**TASK DIRECTIONS**
The reply should hold only the lines below beginning at the one with "Italia-Rinascimento-Sacro" and ending at the one with "Porsche Vision 920", copied exactly, with every picture left out.

**DATA SUPPLIED**
════════════════════

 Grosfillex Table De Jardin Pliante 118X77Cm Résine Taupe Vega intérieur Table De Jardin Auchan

════════════════════

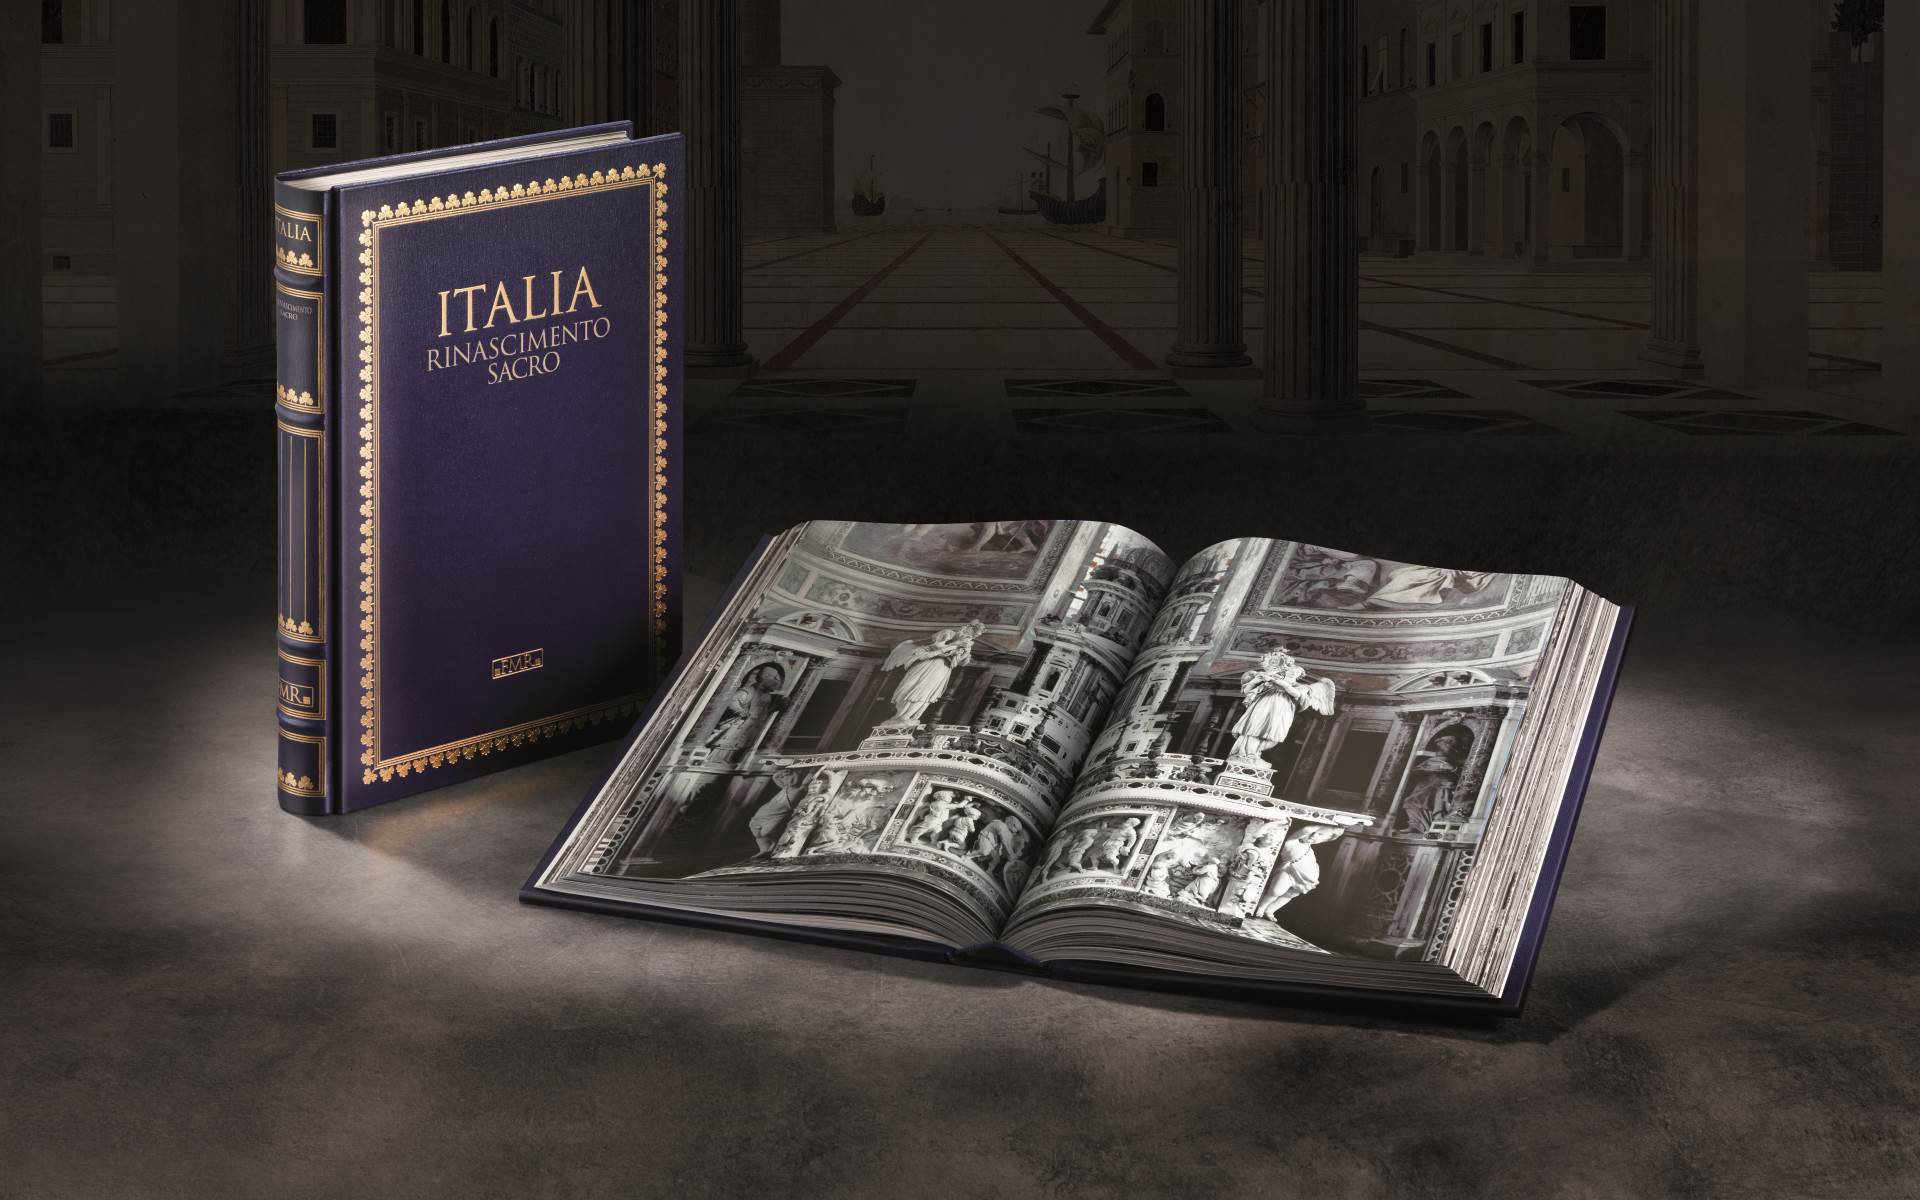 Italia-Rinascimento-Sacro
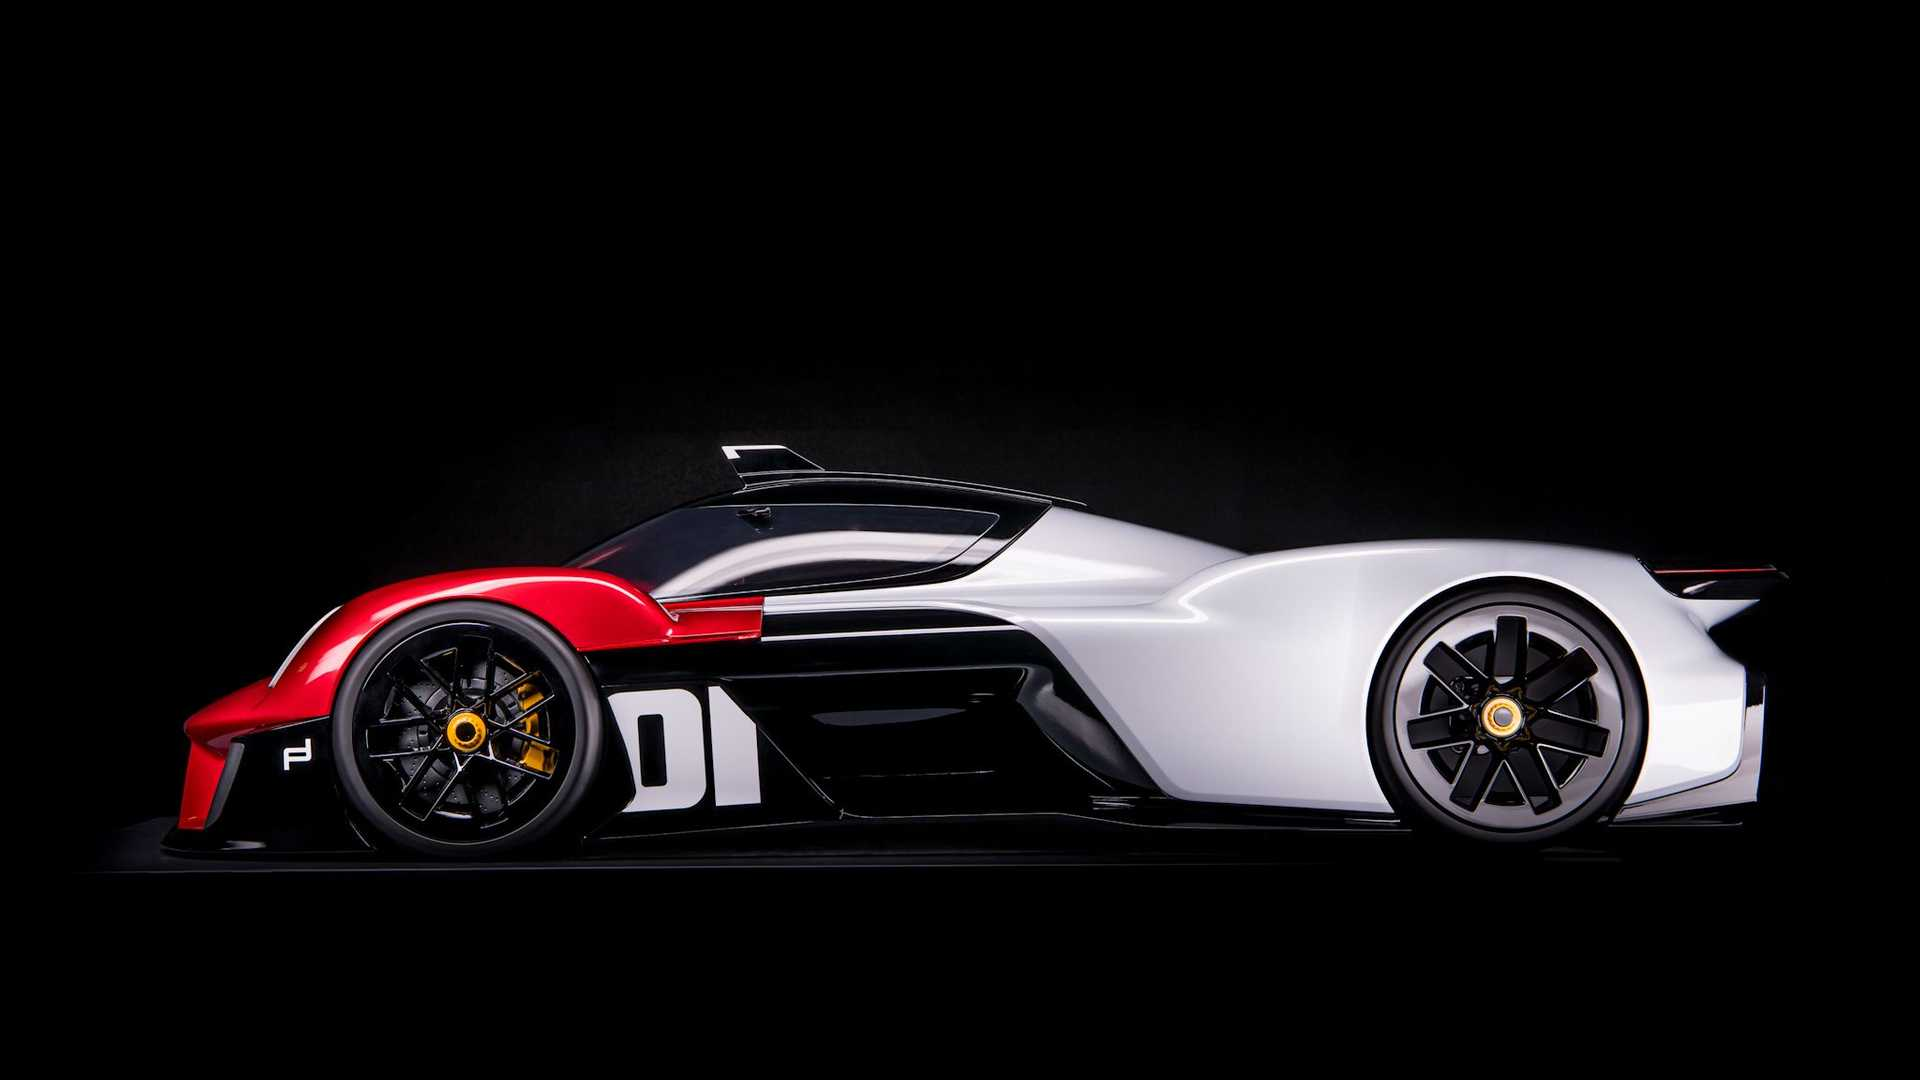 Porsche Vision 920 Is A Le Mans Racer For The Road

════════════════════

**FINAL ANSWER**
 Italia-Rinascimento-Sacro
 Porsche Vision 920 Is A Le Mans Racer For The Road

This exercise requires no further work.